YWCA leads out in cultural celebration

Maybe you’ve heard Dia de los Muertos, or Day of the Dead, described as Mexican Halloween. But according to YWCA Advocate Lorena Ault, it’s much more than that.

“In our culture,” Lorena said, “Dia de los Muertos is a way to celebrate and honor our departed loved ones. Because so many come together for this event, it is also a way for Walla Walla to build community.”
This year’s celebration took place the Wednesday before the two-day holiday that falls on Nov. 1, All Saints Day, which honors the saints and innocent children and Nov. 2, when all others are remembered. The festival is known for spectacular displays of bright flowers and beautifully decorated skulls.

Lorena and Celia
The Villalobos Brothers

Lorena, along with YWCA Community Relationships and Outreach Coordinator Celia Guardado (pictured), led out in the festival planning, assisted by Whitman College Community Fellow Daphne Gallegos. All three are bilingual and bicultural.

The event incorporated art, music (notably the Villalobos Brothers, pictured, who also performed with the Walla Walla Symphony), food, and dance.
Central to the Day of the Dead is El Altar, a display created to celebrate, remember, honor, and keep a connection with lost loved ones.

Traditional dancers

Lorena noted that memorial displays may not always be called “altars,” but every culture creates displays of love and remembrance in response to death or tragedy. After the death of a celebrity, a mass shooting, a fire, a natural disaster — whenever humans face grief or loss, especially a large, shared loss — displays of flowers, notes, toys, and more appear to comfort the grieving and honor the dead.
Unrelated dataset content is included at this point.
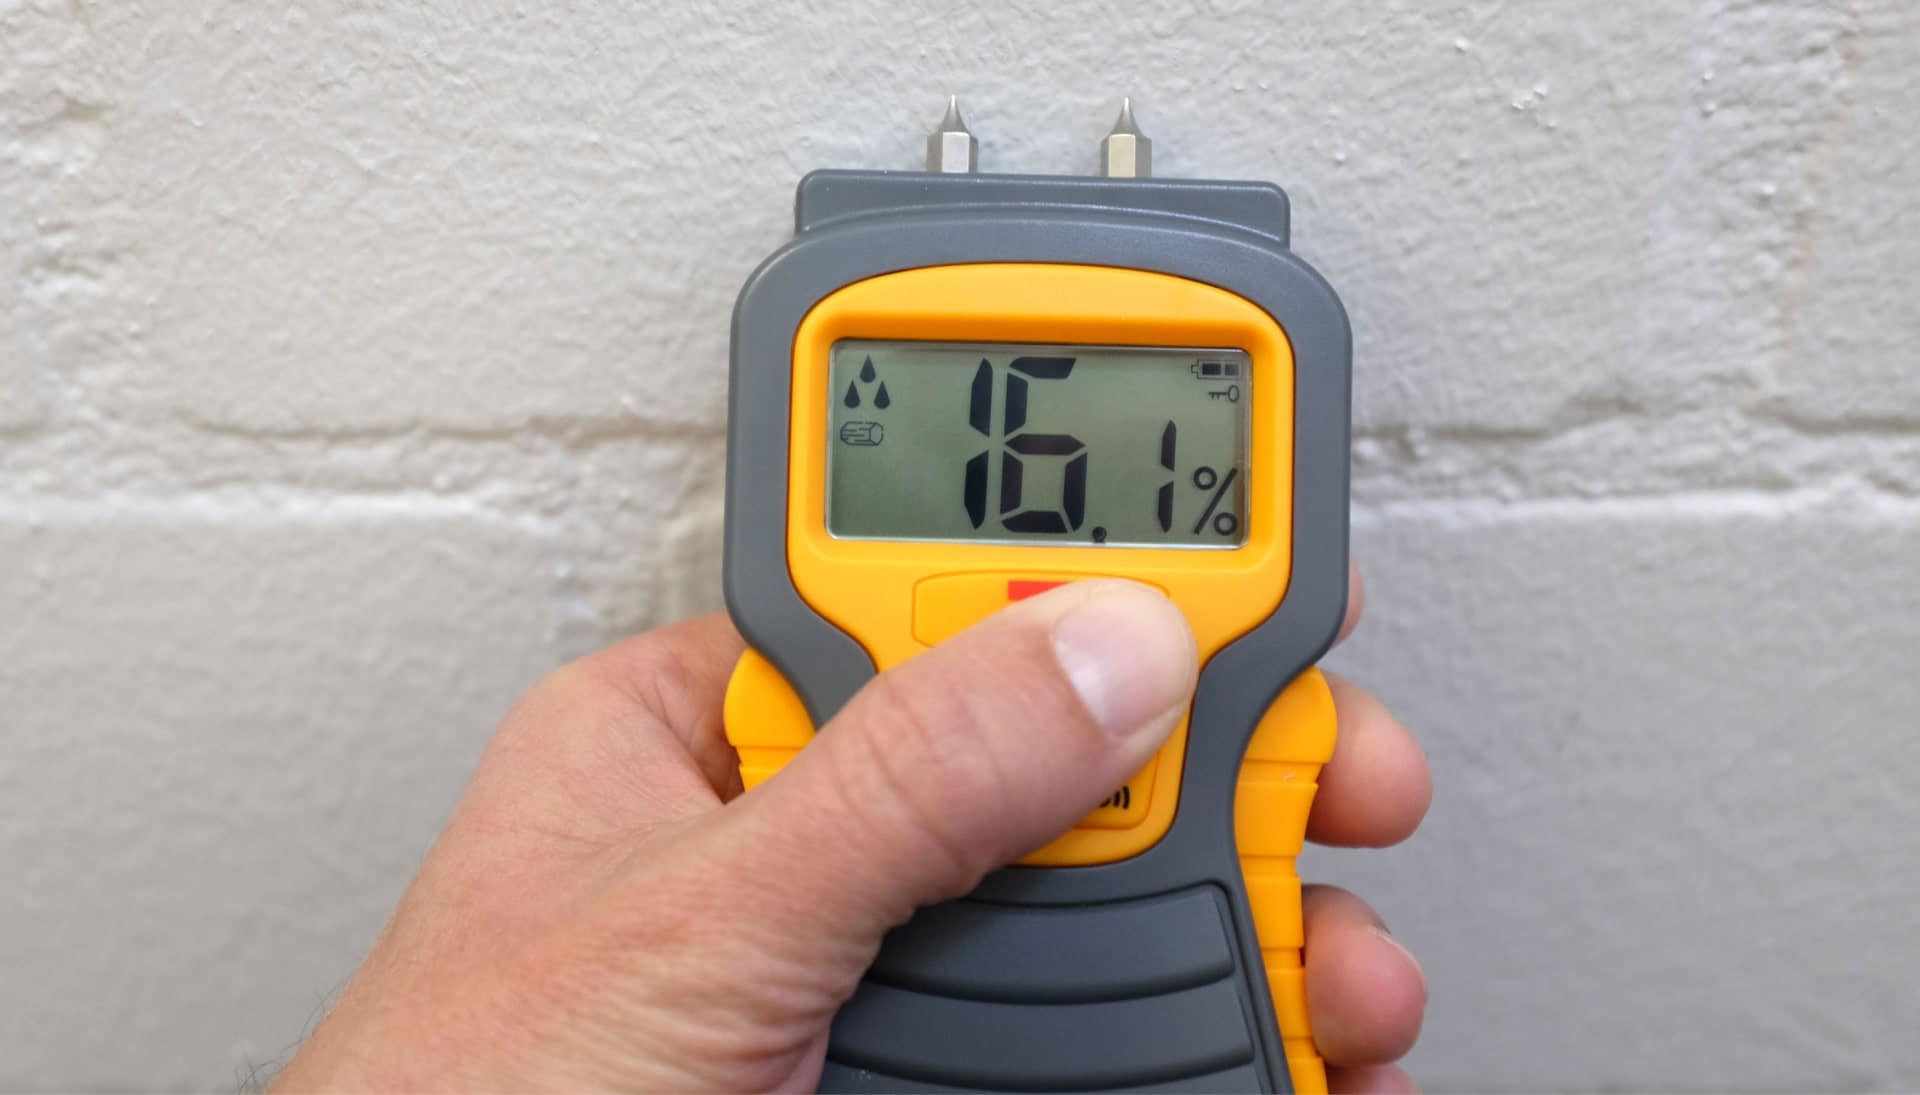 We provide fast, accurate, and affordable mold testing services in Topeka, Kansas.

Central to the Day of the Dead is El Altar, a display created to celebrate, remember, honor, and keep a connection with lost loved ones.
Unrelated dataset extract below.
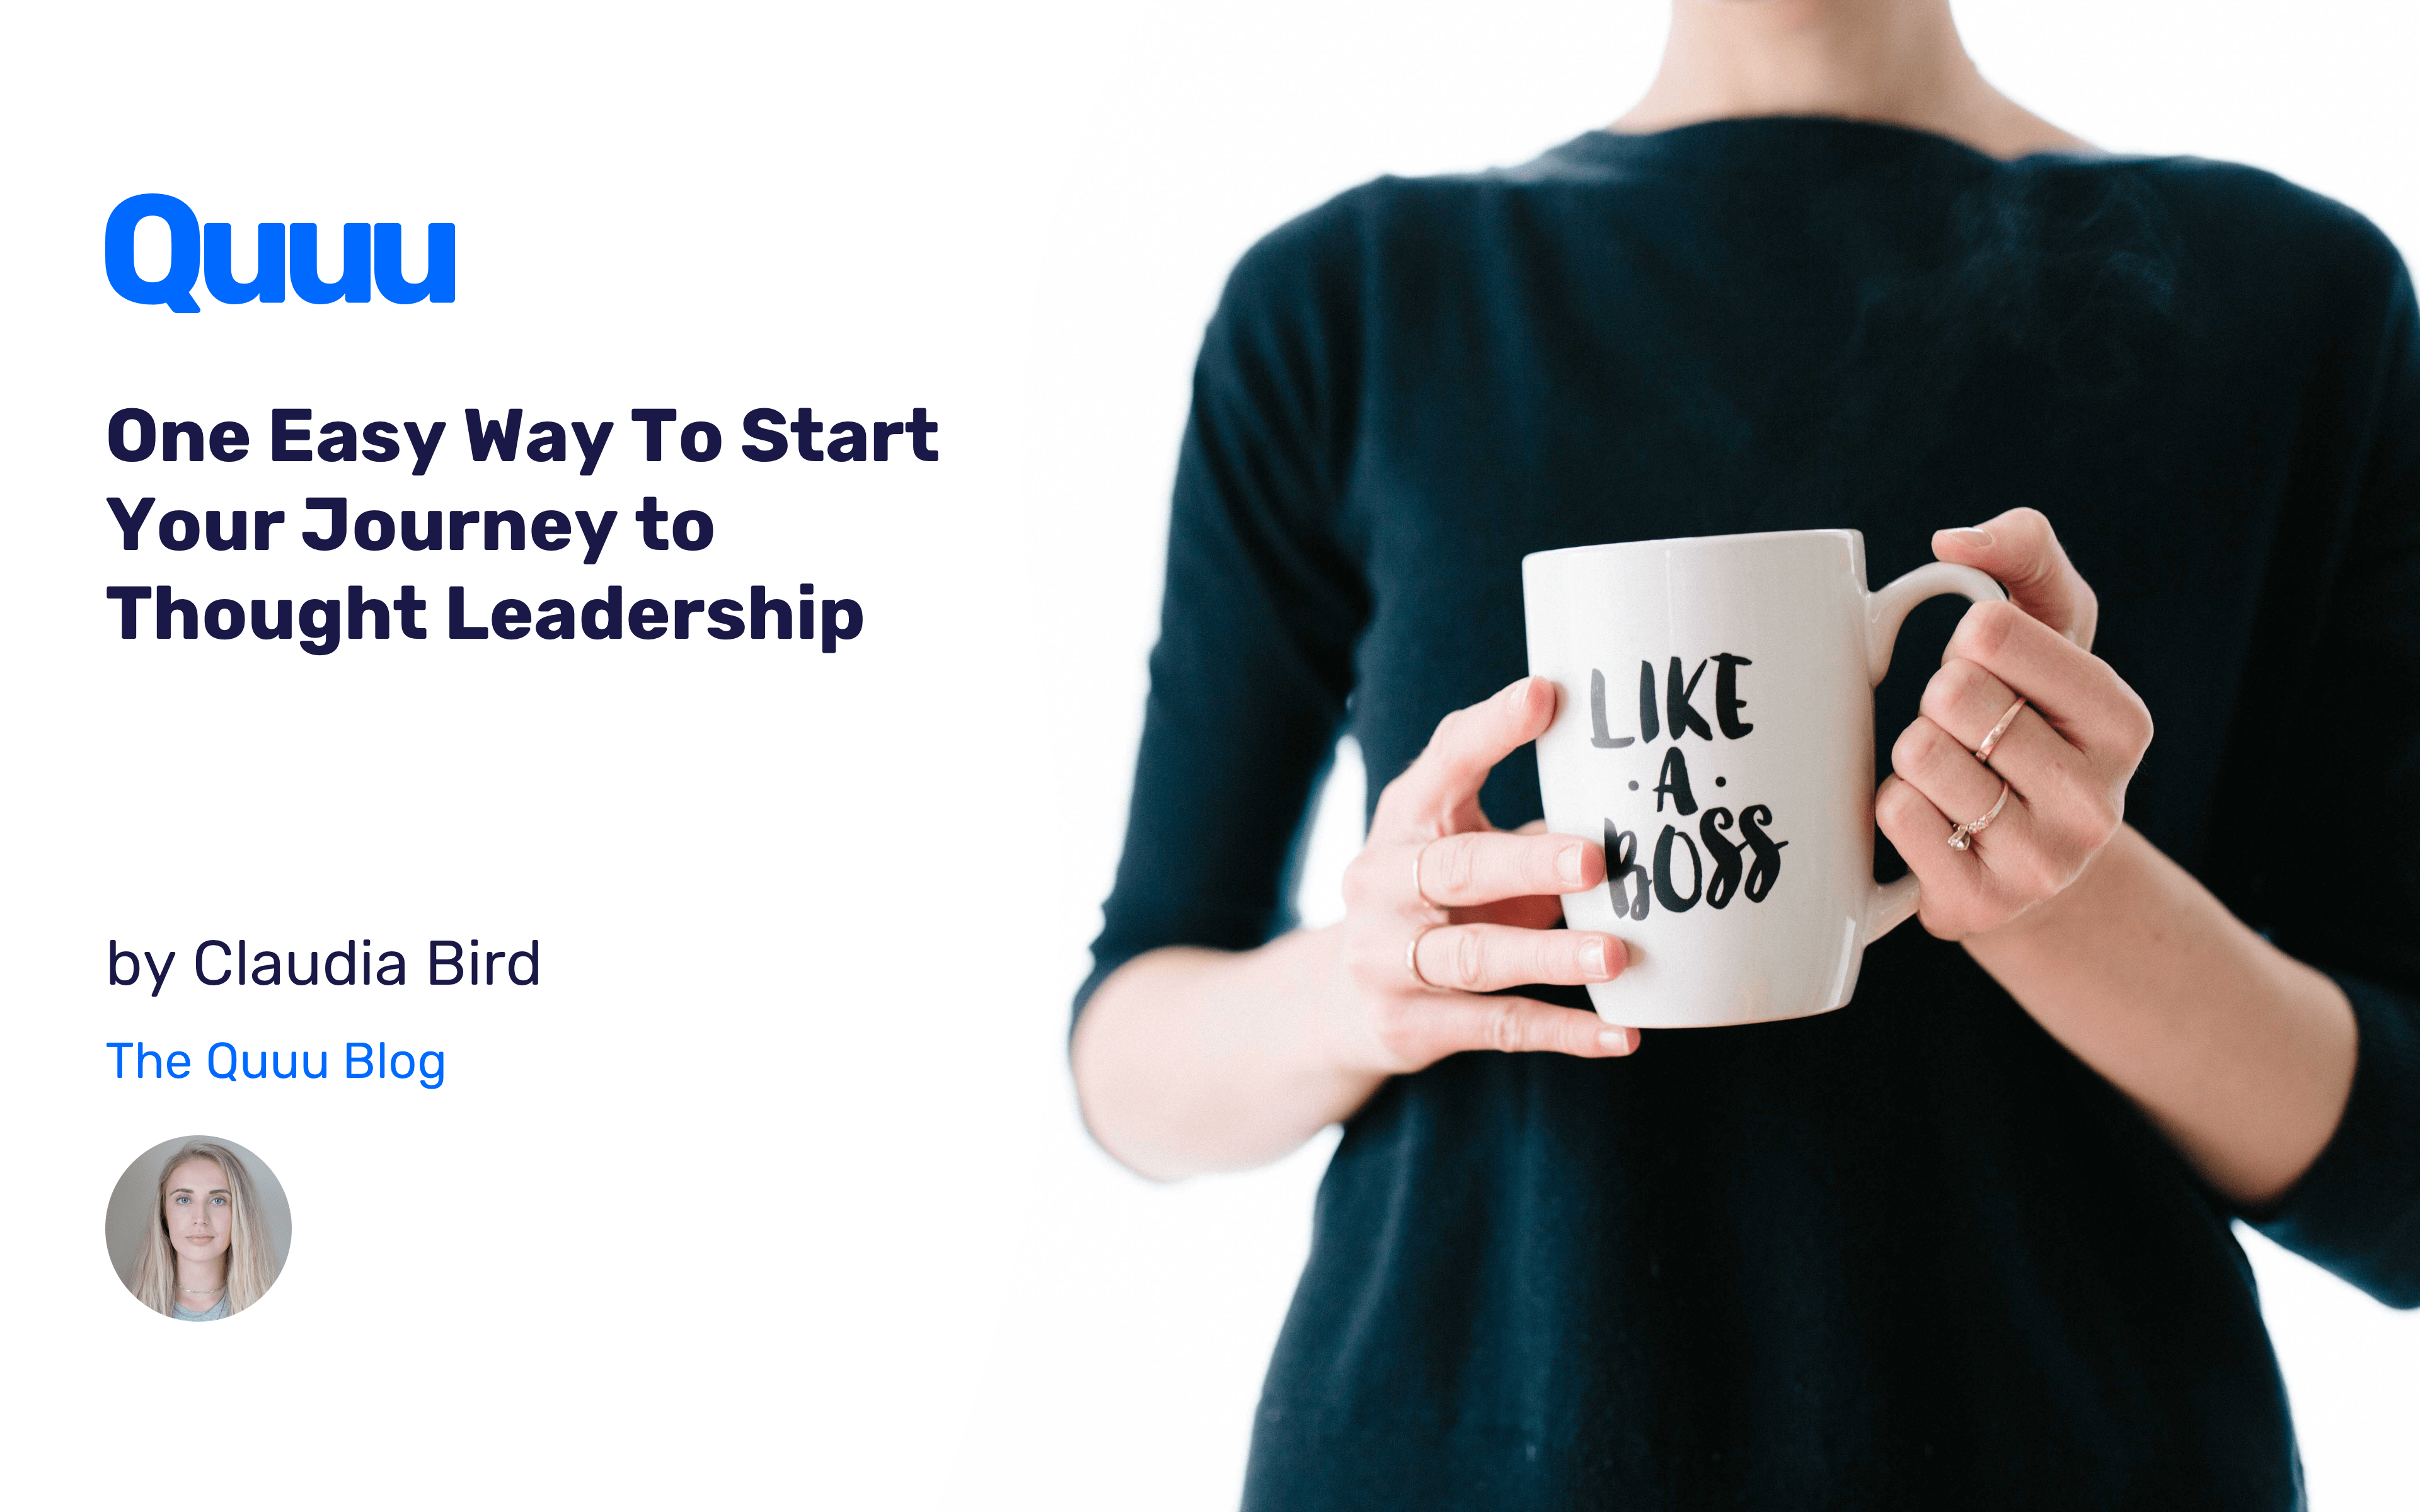 One Easy Way To Start Your Journey to Thought Leadership

Spanish-speaking cultures have learned that Art Heals (Cultura Cura). This belief makes the Dia de los Muertos celebration perfect for working with a population that has faced domestic violence and sexual assault. “When trauma and abuse happen to you, even if you survive, something inside you dies,” said Lorena. “Building an altar is a way to cope with that loss. In our support groups, I’ve had clients build altars as a healing ritual. Original pre-Columbian altars had levels to represent the different gods and the steps to the afterlife. Our healing altars can have levels too, to show the progress toward recovering from assault or from a dangerous relationship.”

The planning committee included representatives from many local organizations, including YWCA Walla Walla. In future years, the committee hopes to extend the building of healing altars to more groups who experience trauma, including perhaps veterans or first responders.

“The YWCA mission begins with eliminating racism and empowering women,” said Executive Director Anne-Marie Zell Schwerin. “When we gather to share and celebrate the power of Latin culture, racism falls away. And when ancient rituals are repurposed to heal the wounds of trauma, it has the potential to empower anyone in our community.”